5 questions clients ask before starting a home project 

Starting a home project often comes with a mix of excitement and uncertainty. Most of our clients are doing this for the first and probably only time, so the questions tend to be very similar. 

These are the five I’m asked most often, and how I usually answer them. 

 

1. “How much is this actually going to cost?” 

 

This is always the first question, and it’s the hardest one to answer in a neat sentence. 

The reality is that cost isn’t a single number, especially at the start. There’s the build cost, but there are also professional fees, surveys, planning, party wall matters, and client-supplied items that sit outside a builder’s quote. Those are often the things people don’t realise they need to budget for. 

What we focus on early is designing efficiently and realistically. I’m very conscious of not drawing something that looks great but costs two or three times what someone has to spend. If we listen properly to the brief and the budget from day one, we can avoid that. In recent years, this has gotten harder and harder to and we can still get it wrong.

 

2. “How long will the whole process take?” 

 

The build itself is often the most predictable part. 

For the kind of homes we work on, construction typically takes somewhere between seven and nine months. Larger or more complex projects might run longer, but it’s actually quite hard to build much faster than that once you factor in things like bespoke glazing lead times. 

What’s much harder to pin down is how long it takes to get from first instruction to starting on site. 

We generally advise allowing at least nine months for a proper design, planning, and procurement process. With shortcuts, that can sometimes be reduced to six months, but that usually introduces more risk. On average, twelve months is a sensible expectation. 

When projects take longer than that, it’s often because life gets in the way. Jobs change, families grow, priorities shift. That’s normal, but it’s worth being realistic about it from the outset. 

 

3. “Will you really listen to us, or will we get ‘your style’?” 

 

Listening is where everything starts for us. 

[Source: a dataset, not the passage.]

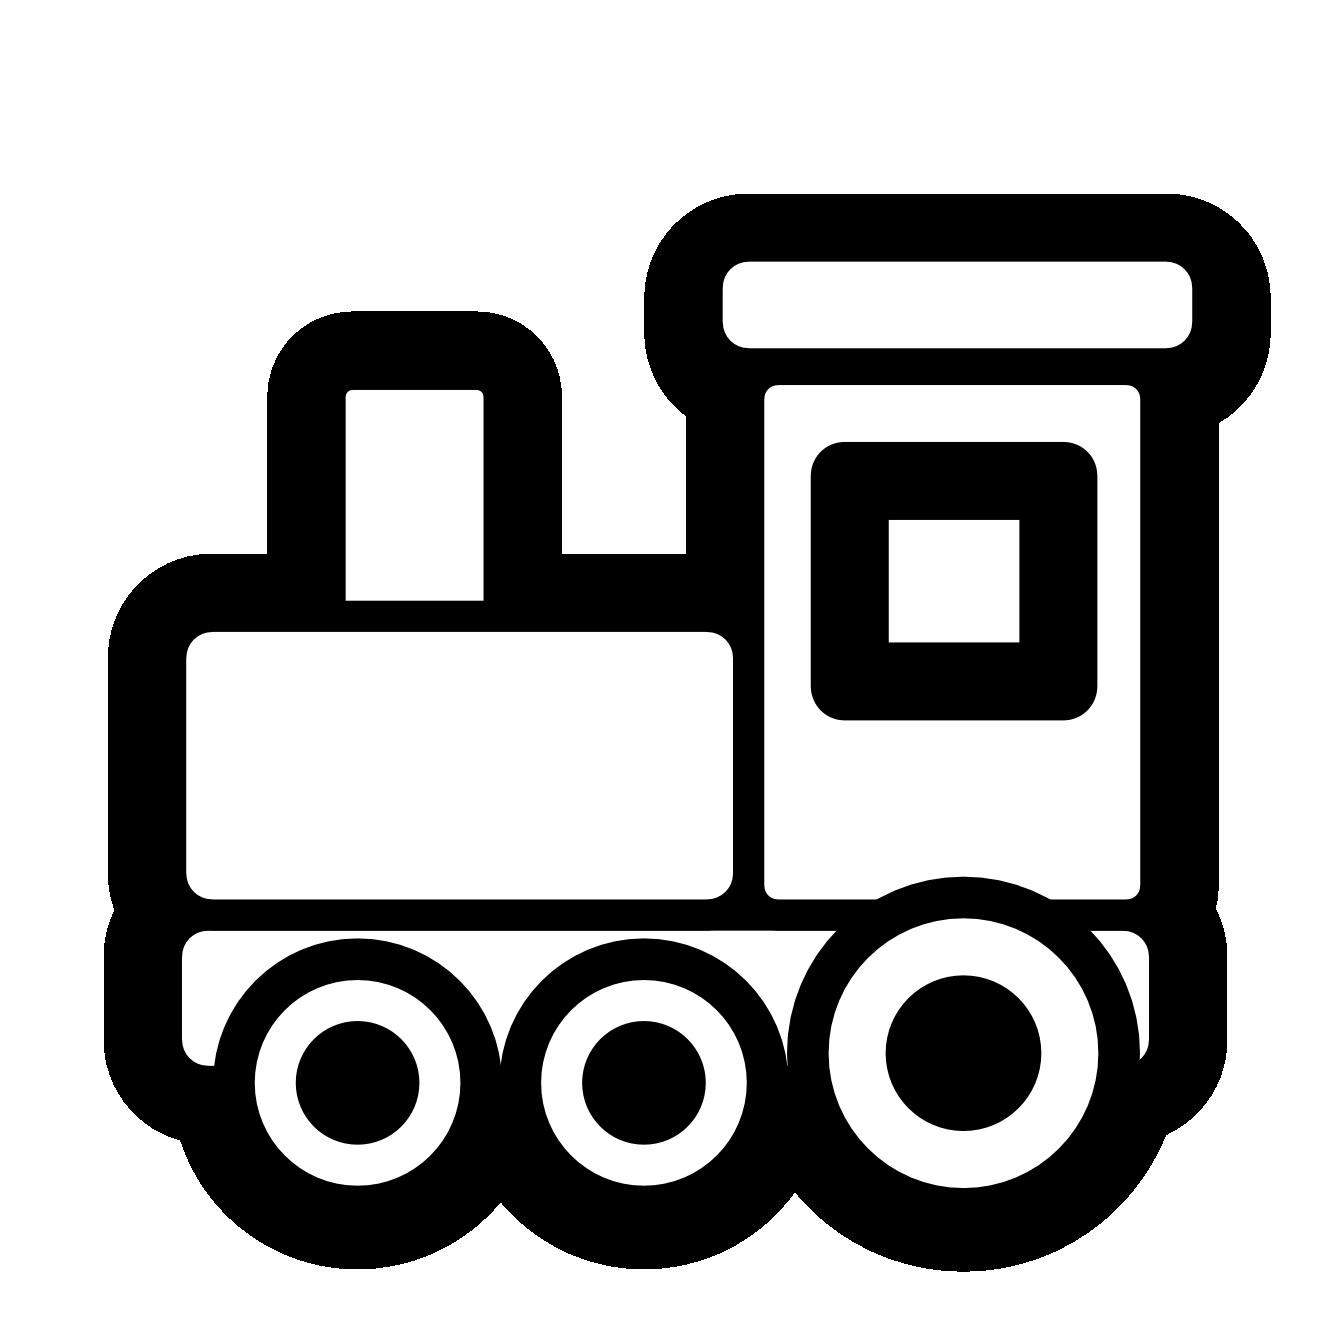 Circus clipart platform. Train black and white

Our job isn’t to impose a look or chase a signature style. It’s to understand how you live, what matters to you, and what you can realistically afford, then design a home that responds to that. 

Listening also means not disappearing off on a tangent. We try very hard not to come back with something wildly different from the brief.  

A big part of listening is being honest. If something isn’t affordable or doesn’t make sense, I’ll say so early. That’s not to limit ambition, it’s to make sure the process stays efficient and enjoyable for all of us. 

 

4. “Will a sustainable home cost more or mean compromises?” 

 

Sustainability and cost sit on a sliding scale. 

If you strip a house back to brick, replace everything, and install the most advanced systems, you’ll get excellent performance, but it can also cost a fortune and waste materials that still had a useful life. 

In many cases, that isn’t the right answer. 

We take a pragmatic approach. We look at the condition of the building and focus on the areas where intervention makes the most sense. That might be insulating the parts you’re already rebuilding, improving daylight, upgrading windows, or carefully specifying systems like heat pumps so they’re properly sized and actually work. 

A lot of the fear around sustainable technology comes from poor specification & installation rather than the technology itself.  

Once we’ve designed the layout, we carry out a sustainability appraisal and talk through the options. That starts an honest conversation about aspirations, comfort, and budget, and helps find a sensible middle ground. 

 

5. “What do people usually underestimate?” 

 

Two things come up again and again. 

The first is the sheer number of decisions involved. People don’t always realise how many choices they’ll need to make, and how early some of those decisions need to happen. Making them while you’re already on site almost always increases stress and cost. 

The second is understanding roles. 

We’re often asked if we project manage. In a domestic setting, we don’t think this role exists. The builder manages the day-to-day construction and the build programme. Our role is to design the project, coordinate information, inspect the works, and administer the contract. Being clear about that from the start avoids misunderstandings later. 

 

A final thought 

 

Most of our clients are doing this for the first time. We do it every day. 

A big part of our role is explaining things that might feel obvious to us but are completely new to you. Good projects come from good listening in all directions.